Apple Developer Relations, Developer Technical Support, Core OS/Hardware

let myEmail = "eskimo" + "1" + "@apple.com"

Thanks for the comment Quinn.


<quote>One of the difficulties in tracking Mach port leaks is that the kernel can allocate ports in your app without running any code in your process.</quote>


I thought that was the case but was relieved to see the leak that I suspected to be present, was actually being captured.


It would be kind of neat if someone who knows a lot more about mach ports than me (hint hint) were to fix up my hook library and make it more generally available, with a better method of attaching it to the target executable. Its all kind of clunky at the moment, but beats the heck out of trying to do the same thing with a kext 🙂.

So, today my Finder crashed with


Crashed Thread:        10  Dispatch queue: sync queue: vRefNum = -100(boot)  Exception Type:        EXC_BAD_INSTRUCTION (SIGILL) Exception Codes:       0x0000000000000001, 0x0000000000000000 Exception Note:        EXC_CORPSE_NOTIFY  Termination Signal:    Illegal instruction: 4 Termination Reason:    Namespace SIGNAL, Code 0x4 Terminating Process:   exc handler [5323]  Application Specific Information: dyld3 mode *** The system has no mach ports available.

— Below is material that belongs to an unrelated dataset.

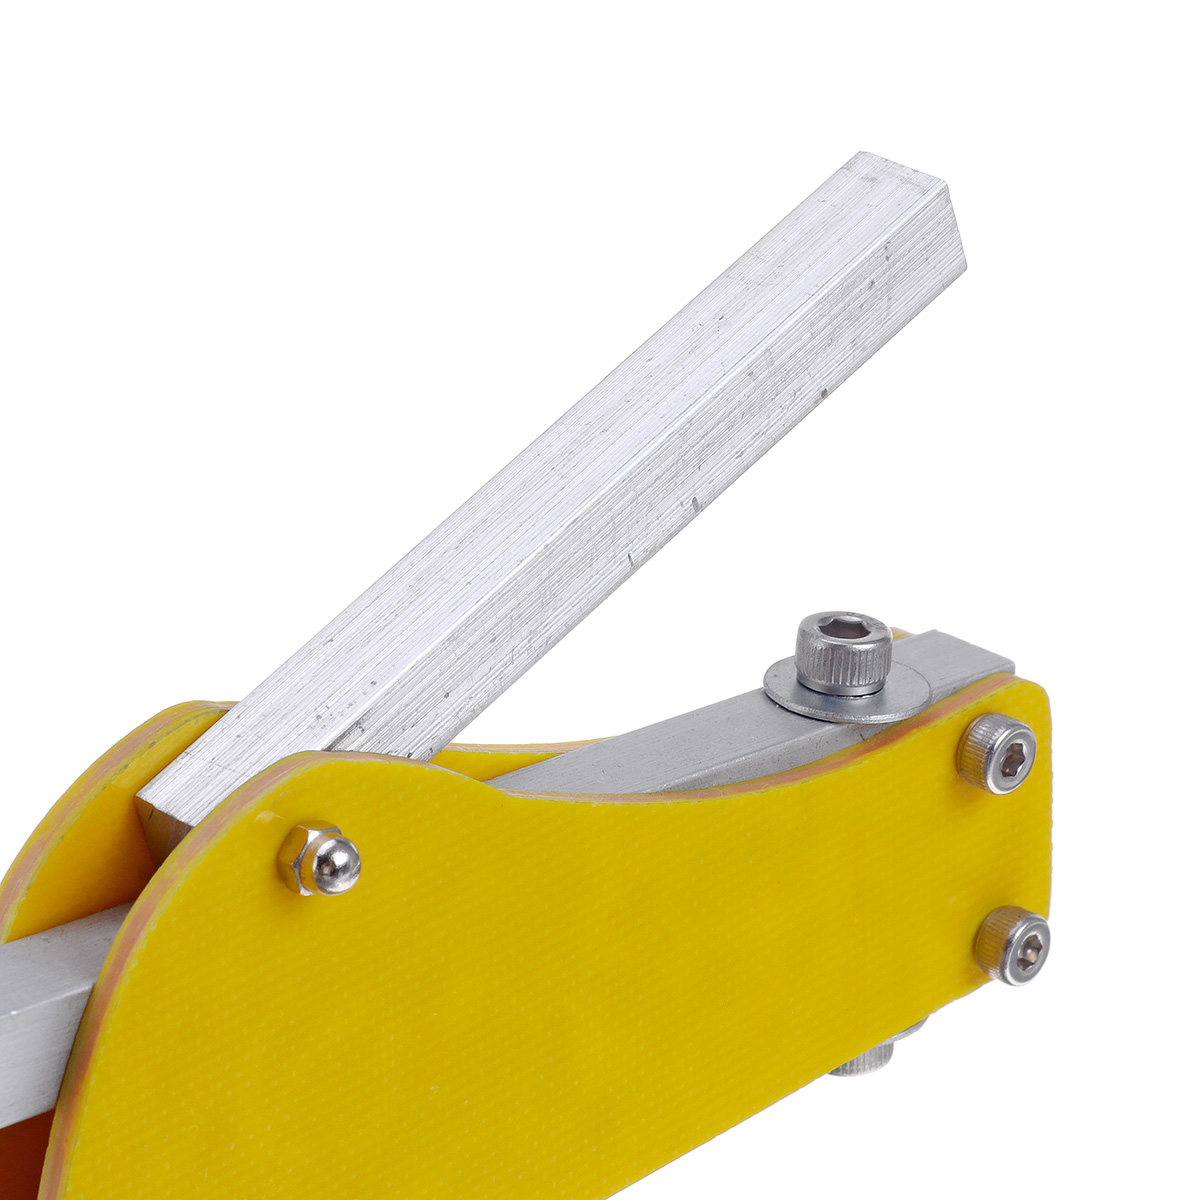 Portable-Spot-Welder-Special-Shape-Metal-Welding-Pliers-18650-Battery-Spot-Welder-Accessories-Metal--1847767-11

You may be able to diagnose which application(s) are using ports by using 'top' or Activity Monitor. (3) ***

Looking at Activity Monitor, I see Finder (since relaunching a few hours ago) has 29,500 ports open (this on macOS 10.14.6), Xcode has 7,591, WindowServer 35,323, and most apps have under 1000. You say 3600 seems pretty high. I've been noticing my Finder SPODs a lot lately, too, even prior to updating from 10.14.5 to 10.14.6.